To obtain further mechanistic insight in the mode of antifungal action of miconazole, we screened in this study the complete haploid collection of 4853 Saccharomyces cerevisiae deletion mutants, individually deleted for nonessential genes, for resistance to miconazole on solid medium. Using this strategy, we demonstrate that S. cerevisiae mutants affected in sphingolipid and ergosterol biosynthesis are resistant to miconazole, suggesting a possible involvement of membrane rafts in the mode of antifungal action of miconazole. These rafts are membrane patches that are enriched in sphingolipids and ergosterol and that are thought to compartmentalize the plasma membrane and to have an important role in cell signaling (6). We investigated the effect of membrane raft-disturbing compounds on (i) miconazole antifungal activity, (ii) miconazole-induced actin cytoskeleton stabilization, and (iii) miconazole-induced ROS accumulation. Furthermore, using HPLC analysis, we investigated the effect of membrane raft disruption on intracellular accumulation of miconazole in yeast cells.

EXPERIMENTAL PROCEDURES

Materials, Yeast Strains, Plasmids, and Growth Media

Miconazole and methyl-β-cyclodextrin (MβCD) were purchased from Sigma. Edelfosine was a kind gift from Prof. Christopher McMaster (Atlantic Research Centre, Dalhousie University, Halifax, Canada). Acetonitrile was purchased from Fisher (Leicestershire, United Kingdom). The yeast strains used were S. cerevisiae strain BY4741 (wild-type (WT)) and the BY4741-derived deletion mutant library (Invitrogen). These yeast strains were cultivated in yeast/peptone/dextrose (YPD; 1% yeast extract, 2% peptone, and 2% glucose). The plasmid encoding green fluorescent protein (GFP)-tagged Pma1p was a kind gift of Prof. Annick Breton (7). Yeast strains transformed with this plasmid were cultured in 0.8 g/liter complete amino acid supplement mixture minus uracil (Bio 101, Inc.), 6.5 g/liter yeast nitrogen base, and 20 g/liter glucose.

Screening of a Yeast Deletion Mutant Library for Miconazole Resistance

The individual yeast deletion mutants were grown in 96-well microtiter plates containing 100 μl of YPD. After 48 h of incubation at 30 °C, the individual deletion mutants were spotted on YPD-agar plates containing 10 μg/ml miconazole using a 96-pin replicator for identification of miconazole-resistant yeast deletion mutants. After 48–72 h of incubation at 30 °C, plates were scored, and resistant mutants were identified. Miconazole-resistant mutants were reassessed using the assay described below.

Quantification of Miconazole Resistance of the Selected Yeast Mutant

5-μl samples of 5-fold serial dilutions of each yeast cell culture (grown to stationary phase in YPD in microtiter plates) were spotted on YPD plates containing 0 or 10 μg/ml miconazole. Growth was assessed after 48 h of incubation at 30 °C.

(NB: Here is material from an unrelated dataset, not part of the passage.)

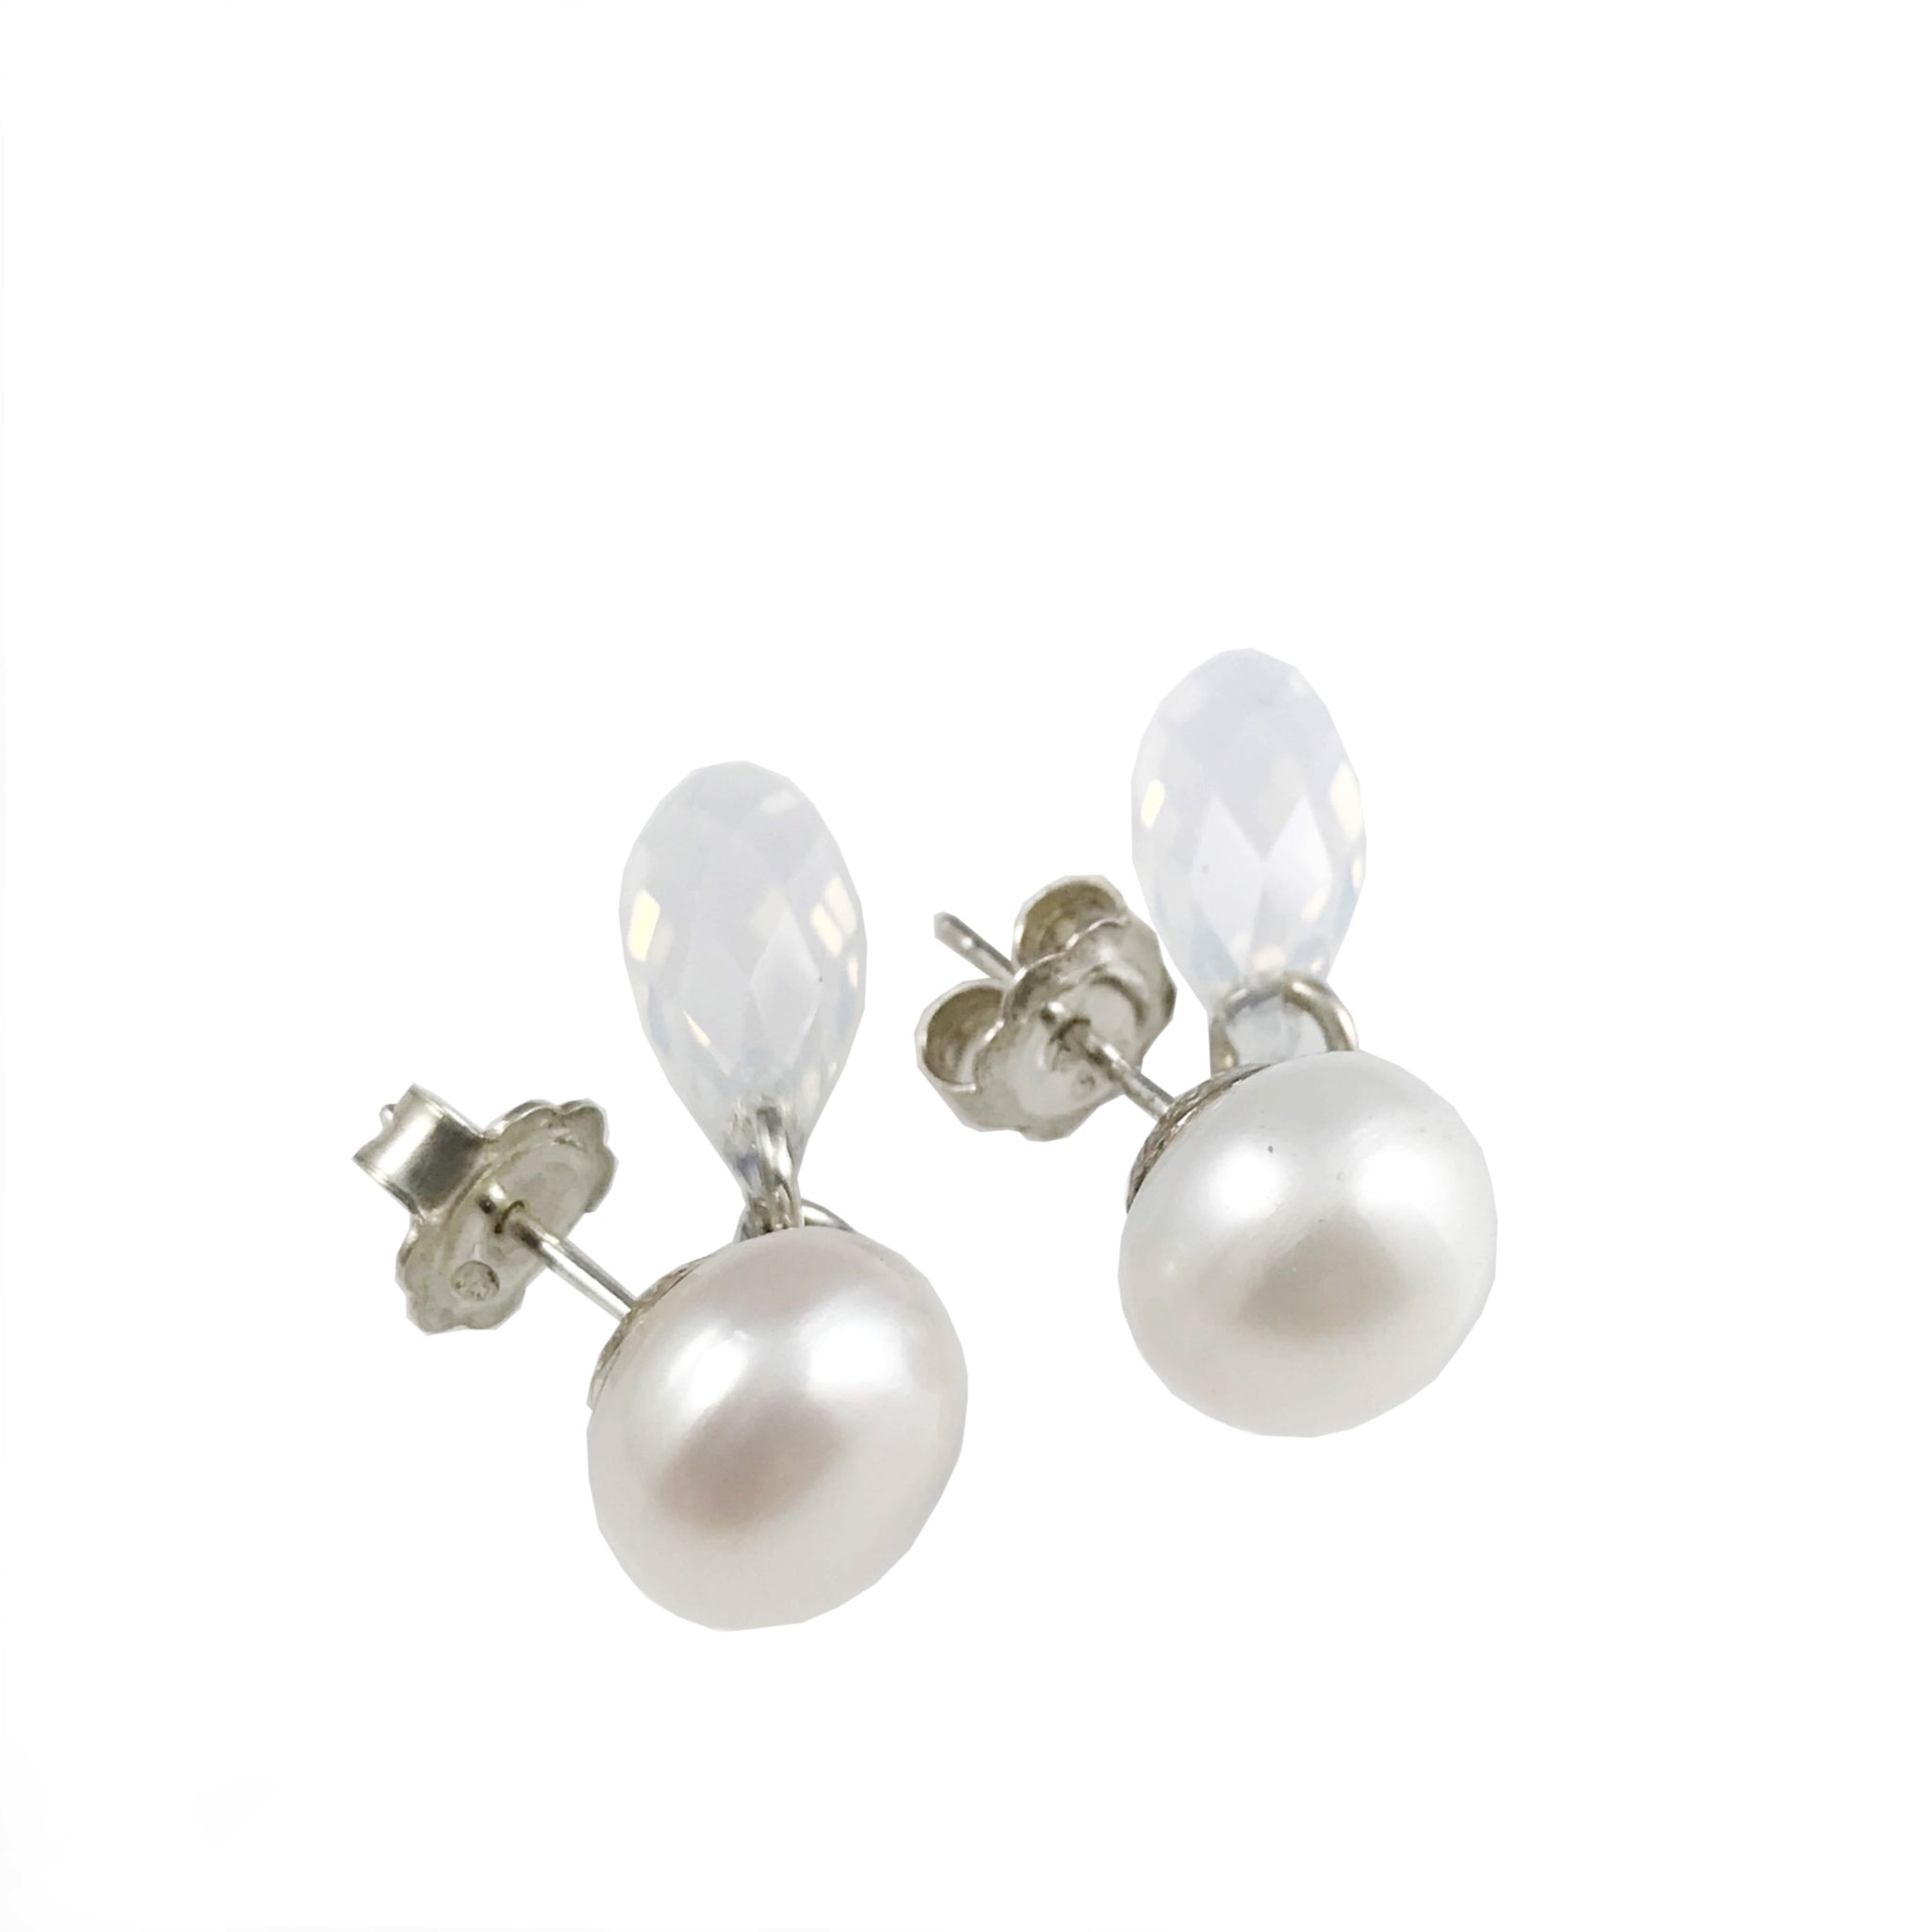 'Pearl Wonder' - Round pearl earrings with cystral drops

Analysis of Membrane Raft-disturbing Activity of Edelfosine and Miconazole

Membrane rafts were monitored using Pma1p as a marker protein (8) by Western blotting and fluorescence microscopy. To this end, membrane rafts were isolated according to a reported isolation method (8 –13). Briefly, a logarithmically growing S. cerevisiae culture in YPD (A₆₀₀ = 2.0) was incubated with miconazole (0 or 10 μg/ml) or edelfosine (50 μg/ml) for 3 h. Ten A₆₀₀ units of cells were lysed with glass beads, and samples were split into two fractions: a homogenate and a second fraction that was incubated with 1% Triton X-100 for 30 min on ice. The detergent-treated sample was centrifuged at 100,000 × g for 1 h to yield a detergent-resistant pellet and a soluble fraction. Proteins were precipitated with trichloroacetic acid and analyzed by gel electrophoresis and immunoblotting using an antibody against Pma1p. Additionally, a logarithmically growing S. cerevisiae culture transformed with a plasmid containing GFP-tagged Pma1p was incubated with either 0 or 10 μg/ml miconazole or 50 μg/ml edelfosine for 3 h. In vivo localization of GFP-tagged Pma1p was performed by fluorescence microscopy using a Zeiss Axioplan 2 (Carl Zeiss, Oberkochen, Germany) equipped with an AxioCam charge-coupled device camera and AxioVision 3.1 software. At least 100 cells were monitored for each condition. Experiments were repeated at least three times, and data are means of duplicate measurements.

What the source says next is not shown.